I have been stock piling duct, and electrical tape, tie wraps, velcro, several different gauges and colors of wires including 12/2 with ground and 10/2 with ground, welding rod, welding supplies, tools, car parts, tire patches and tire repair supplies, wood, metal, machine shop consumables, pvc pipe, anti freeze, engine oil, hydraulic brake oil, and all of the other obvious consumables. 

I think allot of preppers just think about food, fuel, and ammo.

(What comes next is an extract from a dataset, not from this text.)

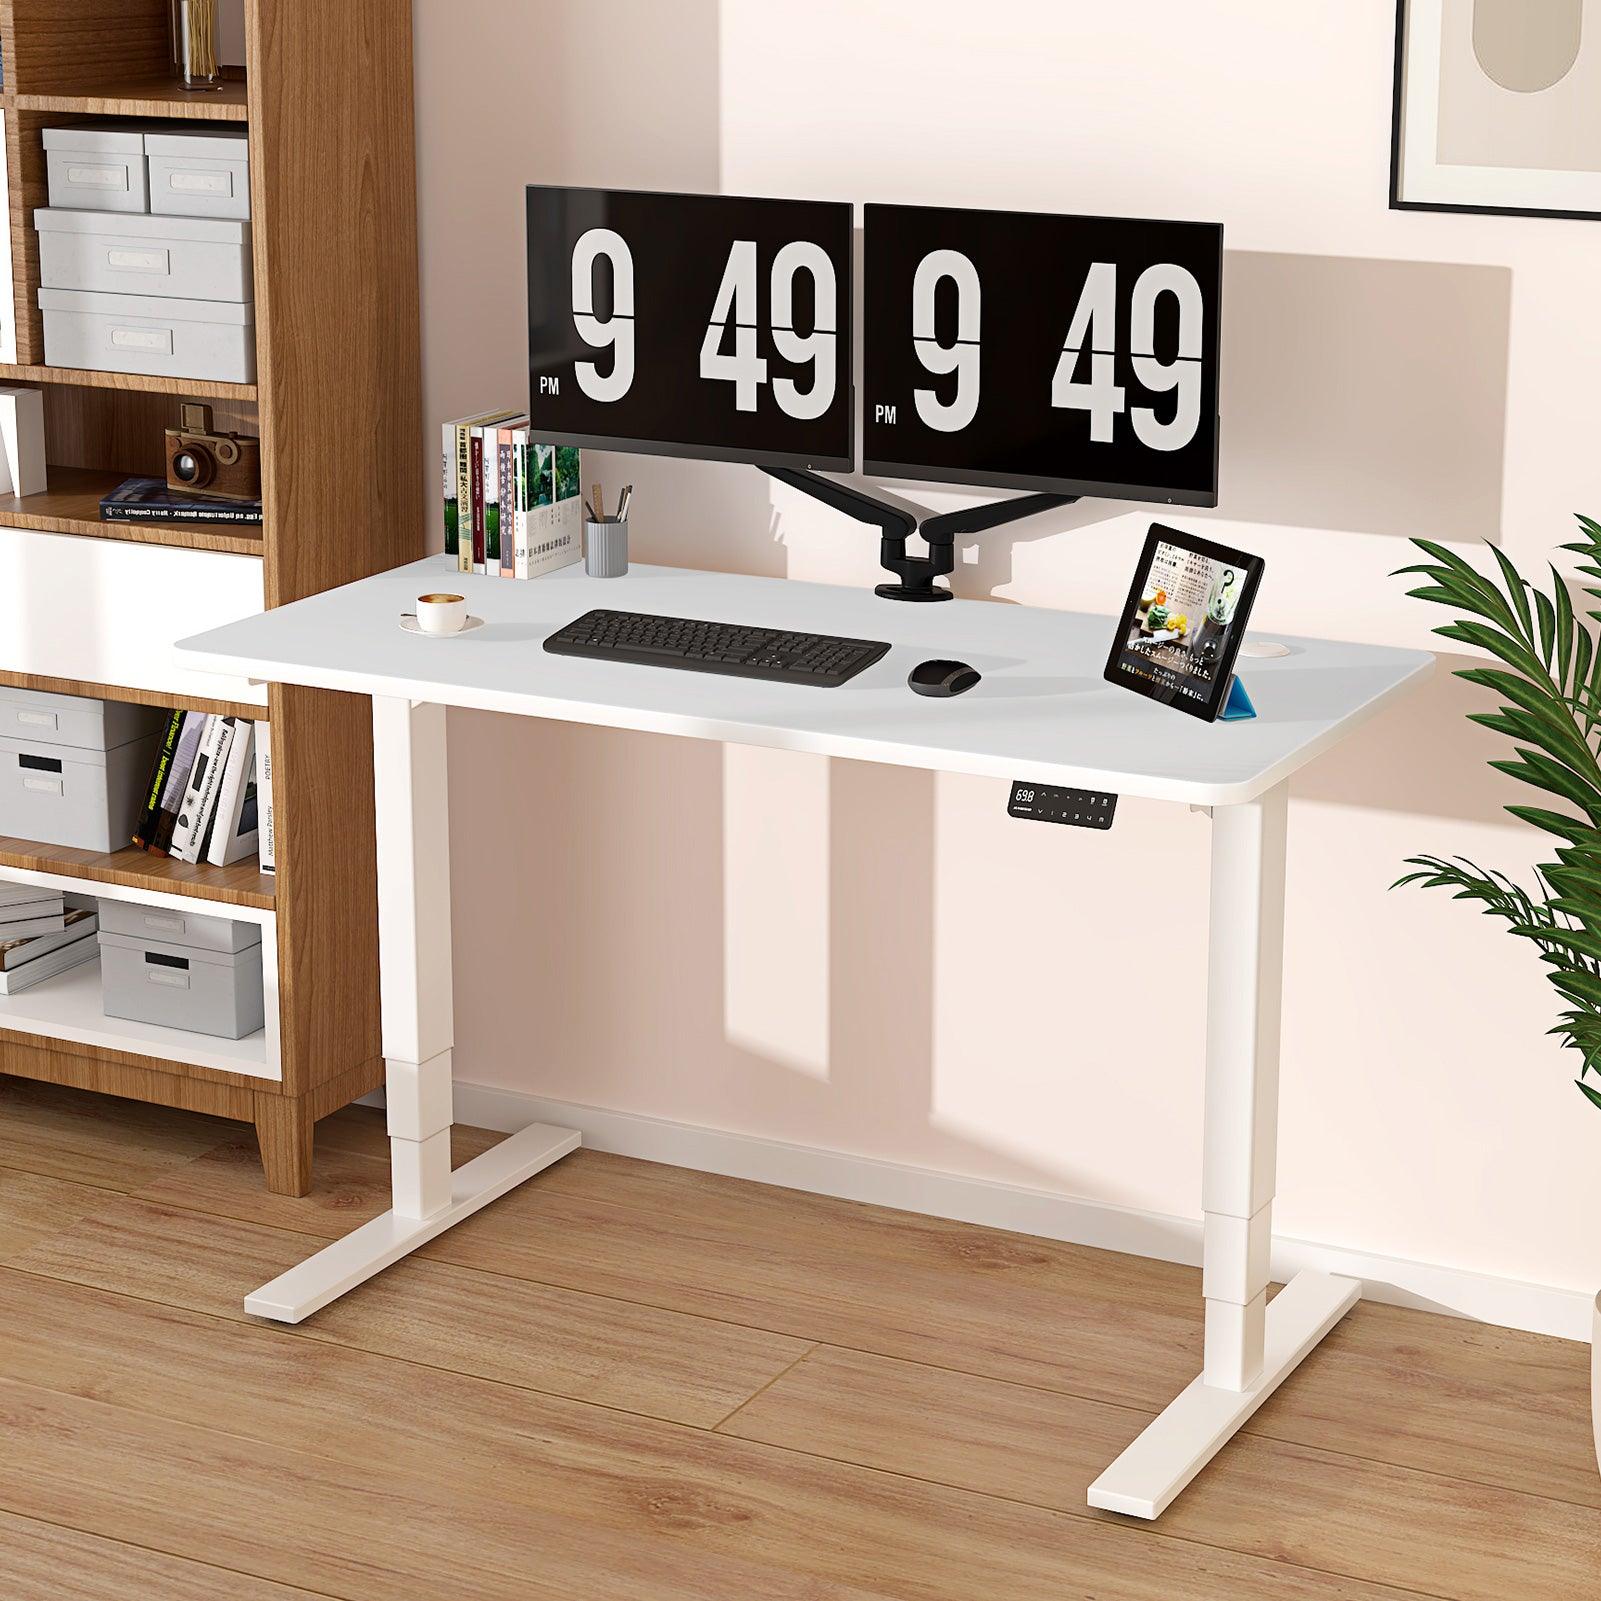 Maidesite T2 Pro Plus - Electric Height Adjustable Standing Desk white Frame white top for work from home people
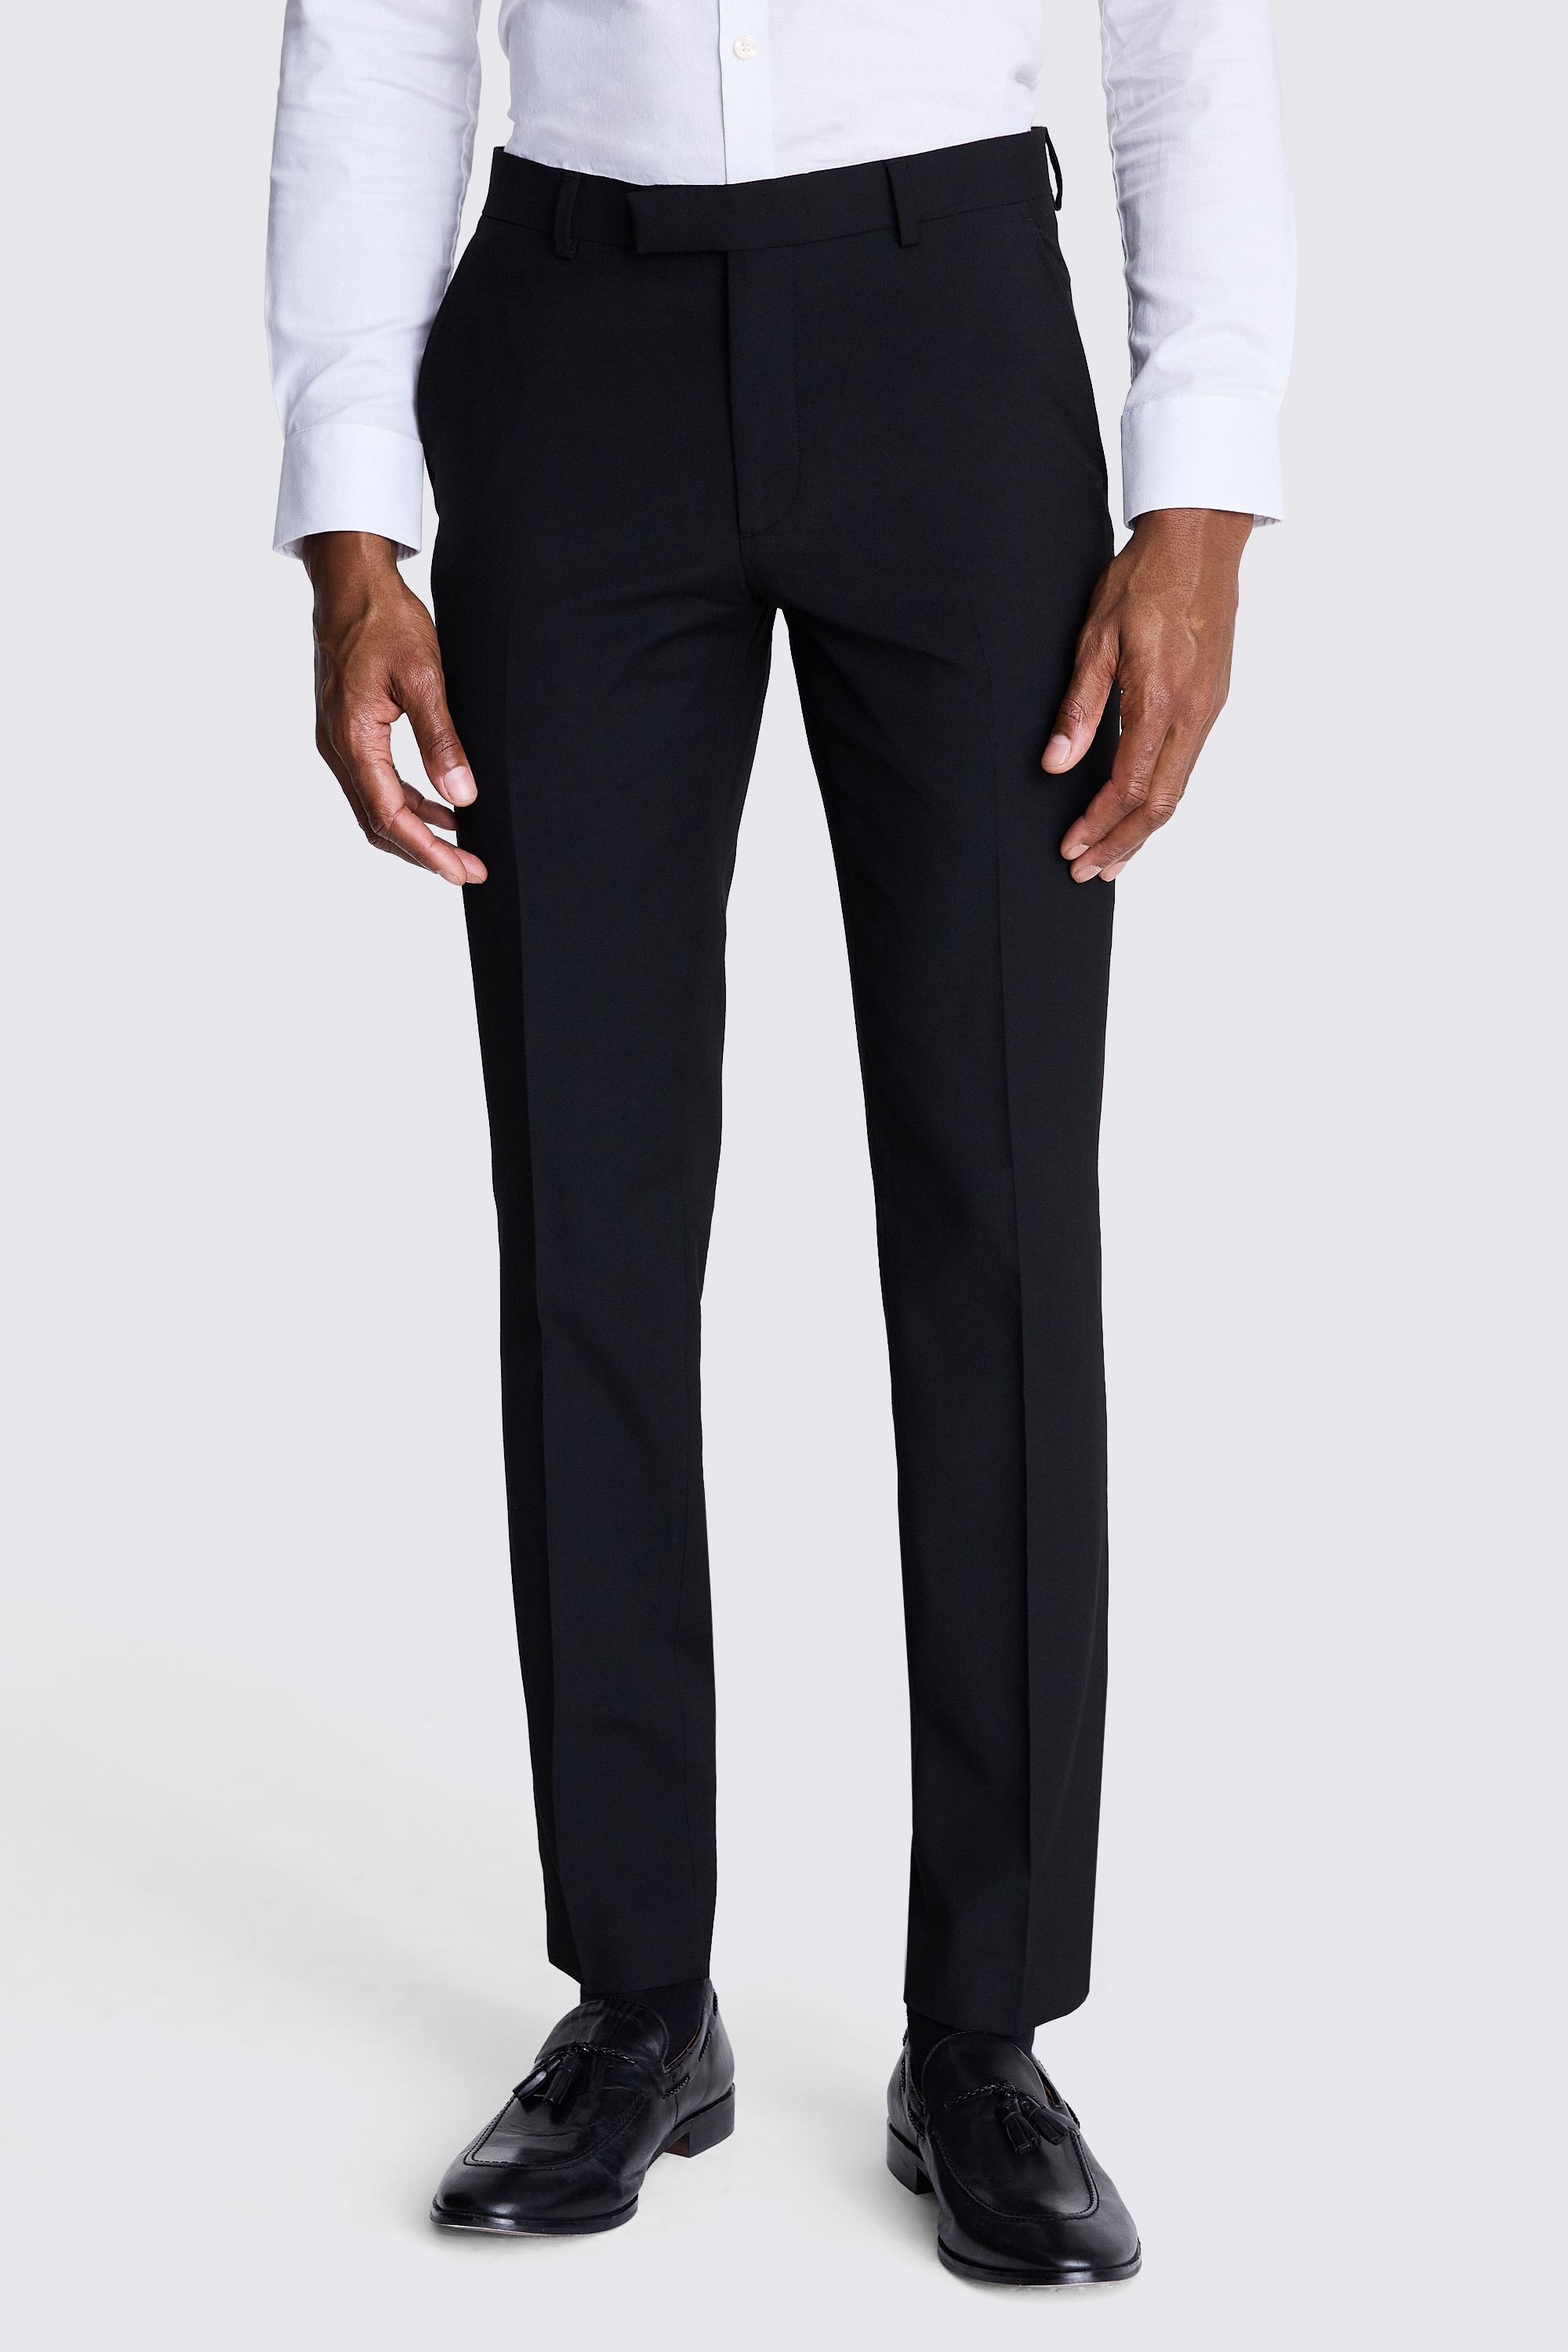 Slim Fit Black Stretch Trousers | Buy Online at Moss

BTW don't forget shoes and clothes.


----------



## Magus (Dec 1, 2008)

Gorilla tape>everything else on earth!


----------



## survivorsackcom101 (Jul 5, 2012)

*yes sir*



Magus said:


> Gorilla tape>everything else on earth!


Right you are ,but even gorrila will bubble off a hot hose repair but not if wrapped with the rubber splicing then gorilla and zip ties.Thanks for the reply


----------



## lucaspm98 (Apr 23, 2012)

I always keep a few rolls around the house; it's a temporary fix for almost anything ! Also, I have a roll in my BOB.


----------



## JayJay (Nov 23, 2010)

Tweto said:


> I have been stock piling duct, and electrical tape, tie wraps, velcro, several different gauges and colors of wires including 12/2 with ground and 10/2 with ground, welding rod, welding supplies, tools, car parts, tire patches and tire repair supplies, wood, metal, machine shop consumables, pvc pipe, anti freeze, engine oil, hydraulic brake oil, and all of the other obvious consumables.
> 
> I think allot of preppers just think about food, fuel, and ammo.
> 
> ...


----------



## cajunmeadows (Oct 21, 2011)

Who doesnt love duct tape. We use 2 kinds at work. The grey stuff (ok) the dark green almost black (wow) this stuff is great. Have seen it hit lightly with a torch boy does it grad and seal then. Great item to stock pile. Air tight container in cool place should last a while.


----------



## Anvilandhammer (Apr 12, 2012)

Duct tape is like "the Force". It has a light side, a dark side, and it holds the universe together.


----------



## ComputerGuy (Dec 10, 2010)

JayJay said:


> Tweto said:
> 
> 
> > I have been stock piling duct, and electrical tape, tie wraps, velcro, several different gauges and colors of wires including 12/2 with ground and 10/2 with ground, welding rod, welding supplies, tools, car parts, tire patches and tire repair supplies, wood, metal, machine shop consumables, pvc pipe, anti freeze, engine oil, hydraulic brake oil, and all of the other obvious consumables.
> ...


----------



## d_saum (Jan 17, 2012)

I have a ton of duct tape around the house... mostly because I always buy a new roll instead of just looking for what I already have. That... and you can never have too much so.. 

Anyone see the special episode of Mythbusters with the duct tape? That was awesome..


----------